At the end of my assessment she said;

“The people who check the forms, I believe are quite understanding and will have your best interests at heart and be sympathetic to your needs and place you in the right (support) group. If they do not place you in this group appeal it and you will win.”

“You are a genuinely ill person and are unemployable due to your multiple medical conditions.”

It is a courageous account of mistreatment at the hands of not only Atos, but also the tribunal part of the system. It hurts to read stories like these. And it inspires anger on behalf of these victims, for that is what they are. It is stories like this, and they are by far the norm, not the exeption, which give the lie to the government’s claims that this process is fair. It is anything but.

It is nothing but a systematic way of denying people their legitimate benefits. And it operates in a fearfully Kafkaesque way. I know that Atos have visited my blog recently. I know too that they have viewed my section on ‘my WCA experience, among other categories. Well, here you are Atos. Here is yet another real person whose life has been trampled on, and who has been caused extra suffering on top of her already considerable health issues. I hope you are proud.

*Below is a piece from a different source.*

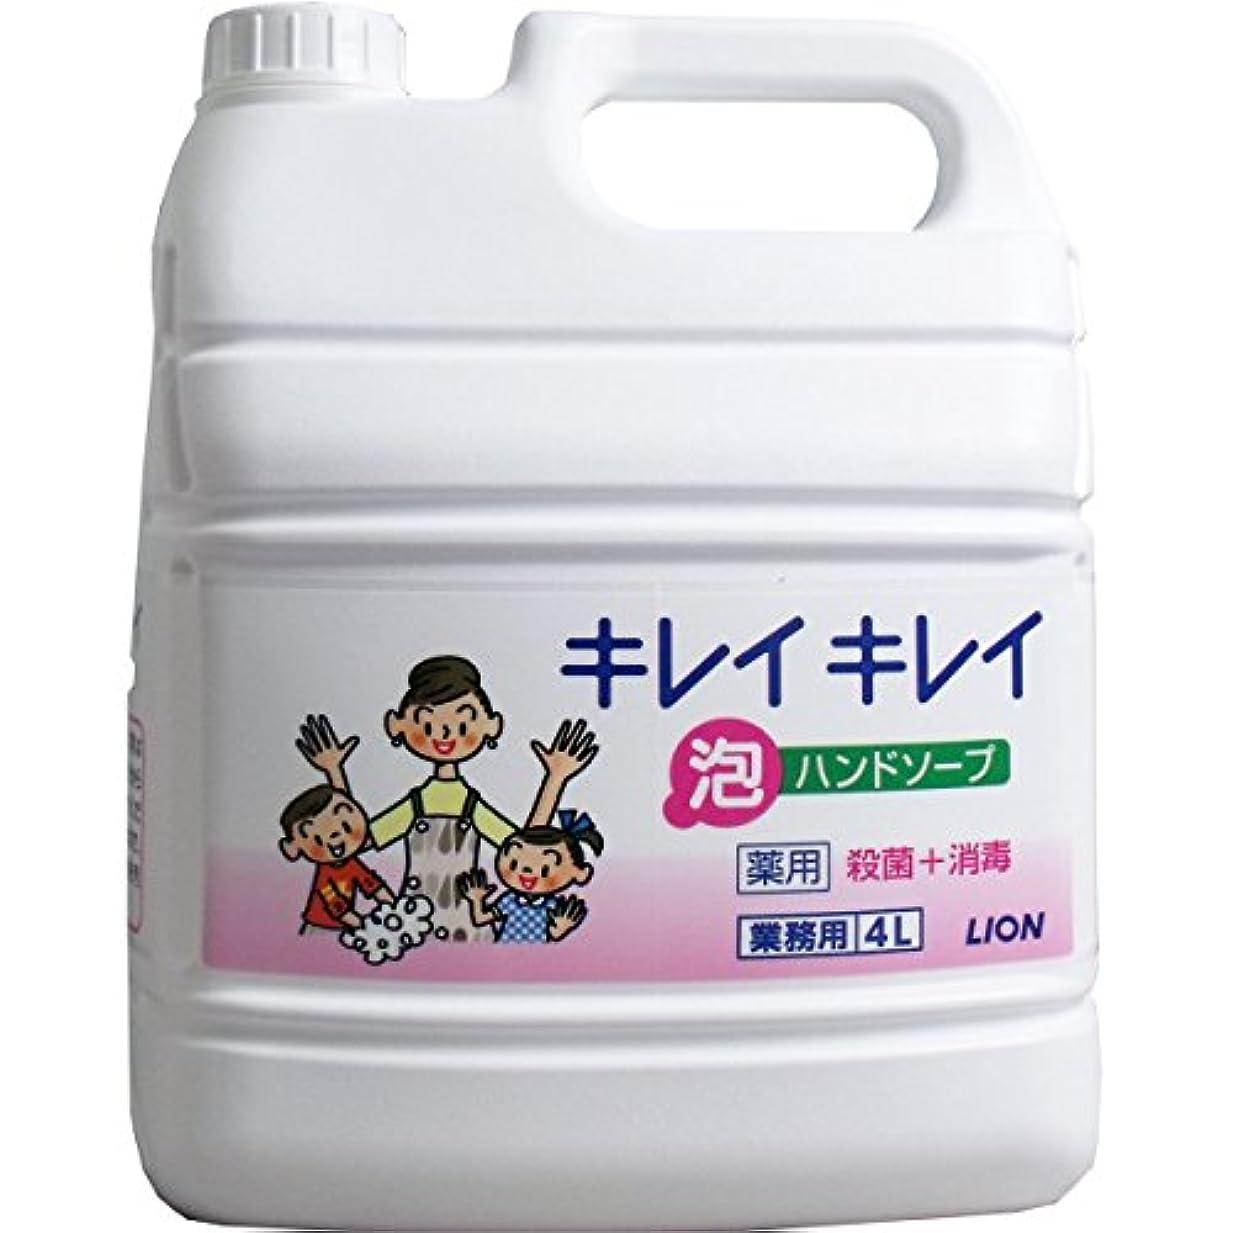 法律によりラテン社会主義ライオン 業務用 キレイキレイ 薬用 泡ハンドソープ 4L

And you, Iain Duncan Smith, Chris Grayling et al, you should certainly be hanging your heads in shame. Even were it only one person who could be said to be suffering in this way, it would be enough to discredit the whole process. Instead there are masses. No wonder more and more people are drawing comparisons with the nazis’ treatment of the disabled. This is a purge of the sick and vulnerable, those who should expect to be afforded some respect and allowed some dignity in their daily struggle against illness.

I never feel entirely comfortable with adopting a high moral tone in this way, because its what politicians do and we all know how that tends to turn out. But, come on, this is a no-brainer. Its only the thin shield of compliant press and media that is preventing the truth about this becoming a national scandal of the highest magnitude. But,as the purge continues, the number of people who will learn first hand, either through family or friendship networks, what a deceitful, shameful process this is will grow, and eventually the truth will out. Such a disgrace that so many will have had to suffer in order to make that happen.

We can only hope the ”tipping point’ of these stories is reached soon, and broader society is no longer able to ignore this state abuse of the sick and disabled, and those who support them.